The perfect storm hitting the antibiotics R&D has intensified. According to a recent report by Reuters, the return on investment has fallen by a startling 30% at the world’s 12 largest pharmaceutical companies. The cost of developing a drug through to market has risen from $800 million several years ago to $1.05 billion today. This rise is mostly due to the increased number of failures – especially late stage failures. The increase in late stage failures is related in large part to the high regulatory hurdles being encountered across the various therapeutic areas where the industry works. To address this, companies have pared their phase III portfolios from an average of 23 to 18 compounds – a 28% decrease. At the same time, the commercial value of products entering late stage development has increased. Thus, the portfolio prioritization process has narrowed late stage products to those with higher commercial values in most companies. Additional responses from the industry include an insistence on increasing returns on investment. This is likely to generate additional merger and acquisition activity and further pressure on the portfolio optimization process. It is likely that this optimization process will place further pressure on antibiotic R&D.
At the same time, a recent report from the European CDC noting a 56% increase in reports of carbapenem resistant Klebsiella pneumoniae between 2005 and 2010.
Resistance to third-generation cephalosporins continues to increase to very high levels throughout the European Community.

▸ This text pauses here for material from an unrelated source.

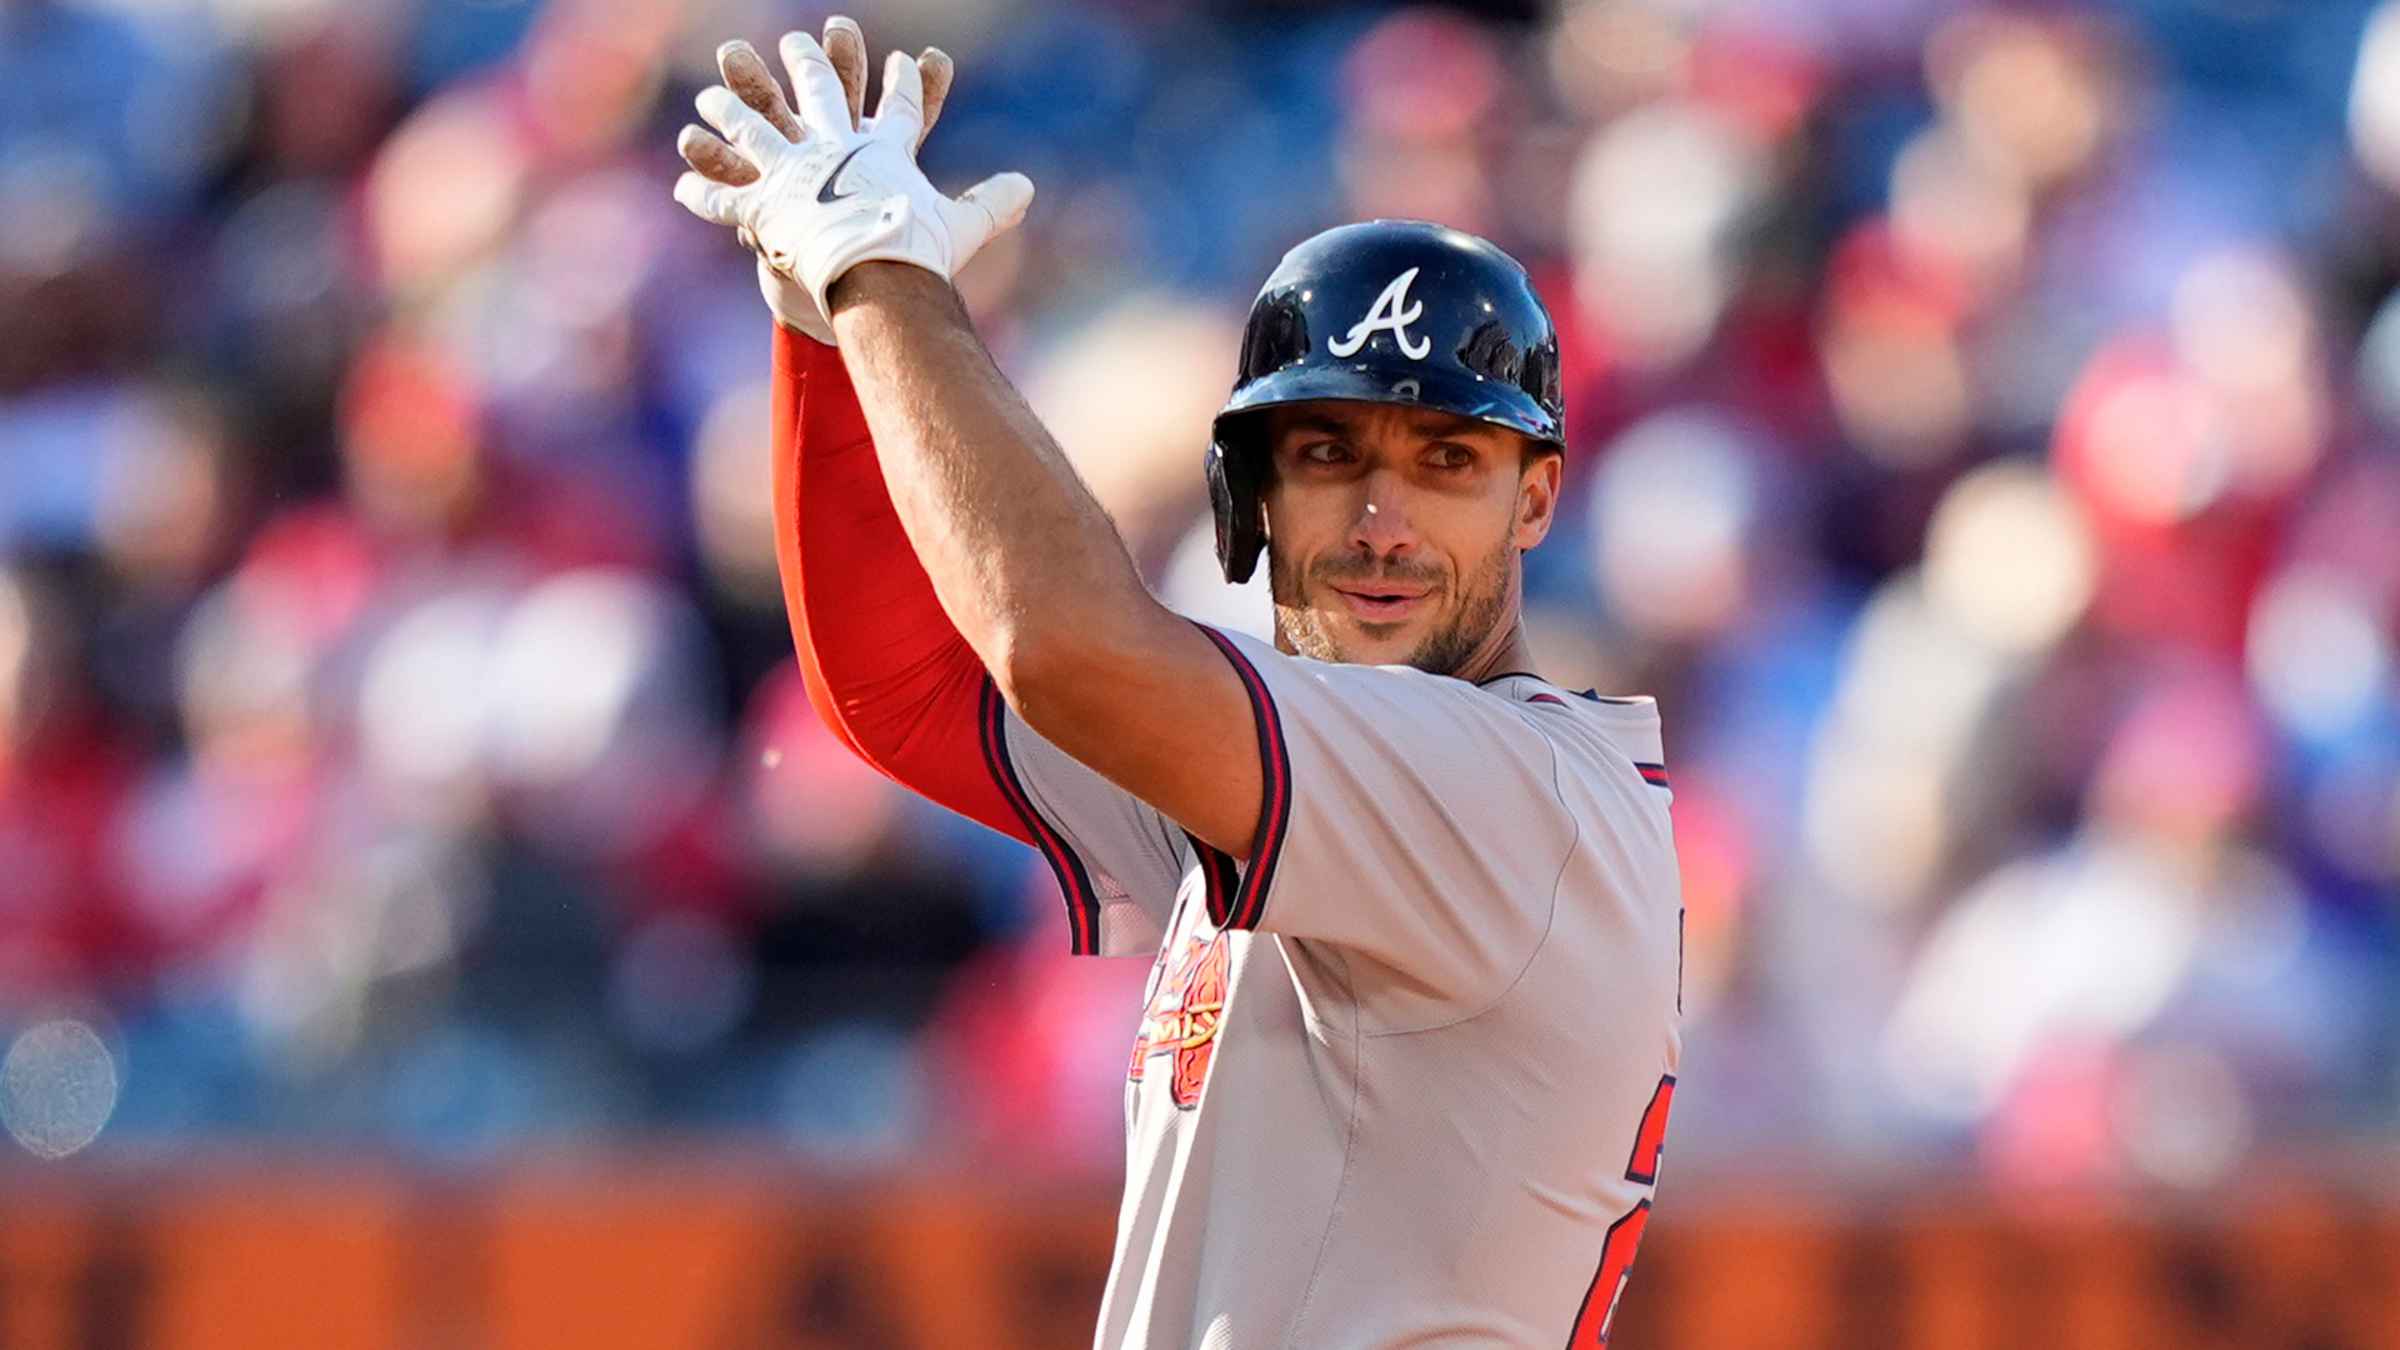 PHILADELPHIA -- Making fun of Matt Olson on his 30th birthday and drawing loud boos from a raucous Philadelphia crowd were just a couple of the ways the Braves celebrated the start of this new season. “When you go somewhere and you get booed, it feels good, especially when you’re

The European Union has responded to the crisis of antibiotic resistance with a fairly watered down action plan to member nations. Of the 12 action items in this plan, one is dedicated to the discovery and development of new antimicrobials – shown below. It calls for the establishment of a public-private partnership under the auspices of the Innovative Medicines Initiative to direct and coordinate academic, non-profit and industry partnerships for this purpose. But, in the realm of antibiotics, these efforts, so far, have failed to bear fruit with most recent late stage products coming from either large pharmaceutical companies or biotech. Having participated in two framework grants on the industry side, I can only hope that the process for Framework 7 and its successors will be more palatable than that for Frameworks 5 and 6. As almost a footnote, the action plan calls for implementing procedures for fast-tracking antibiotics against resistant pathogens. But, as the plan essentially says, these procedural pathways already exist. The question is how to implement them. The action plan, appropriately in the case of Europe, leaves this to the regulators. But some more explicit directions would have been helpful. For example, there should have been a directive to establish feasible pathways for superiority trials leading to early conditional approval. A directive to maintain feasible non-inferiority trial pathways would have also been a welcome addition. While I believe the European regulators already understand this, a clear mandate from the EU would still have been helpful to those of us who want to pursue innovative trial designs for antibiotic development and for the regulators themselves as they try and implement such designs in guidance to sponsors.
While the Perfect Storm intensifies, both the US and EU still fail to address the key issues. Feasible regulatory pathways forward are the first giant step forward. I can only hope that the EMA will succeed in maintaining feasible procedures and promulgating the new, innovative and feasible guidance that I know they seek for the development of new antibiotics.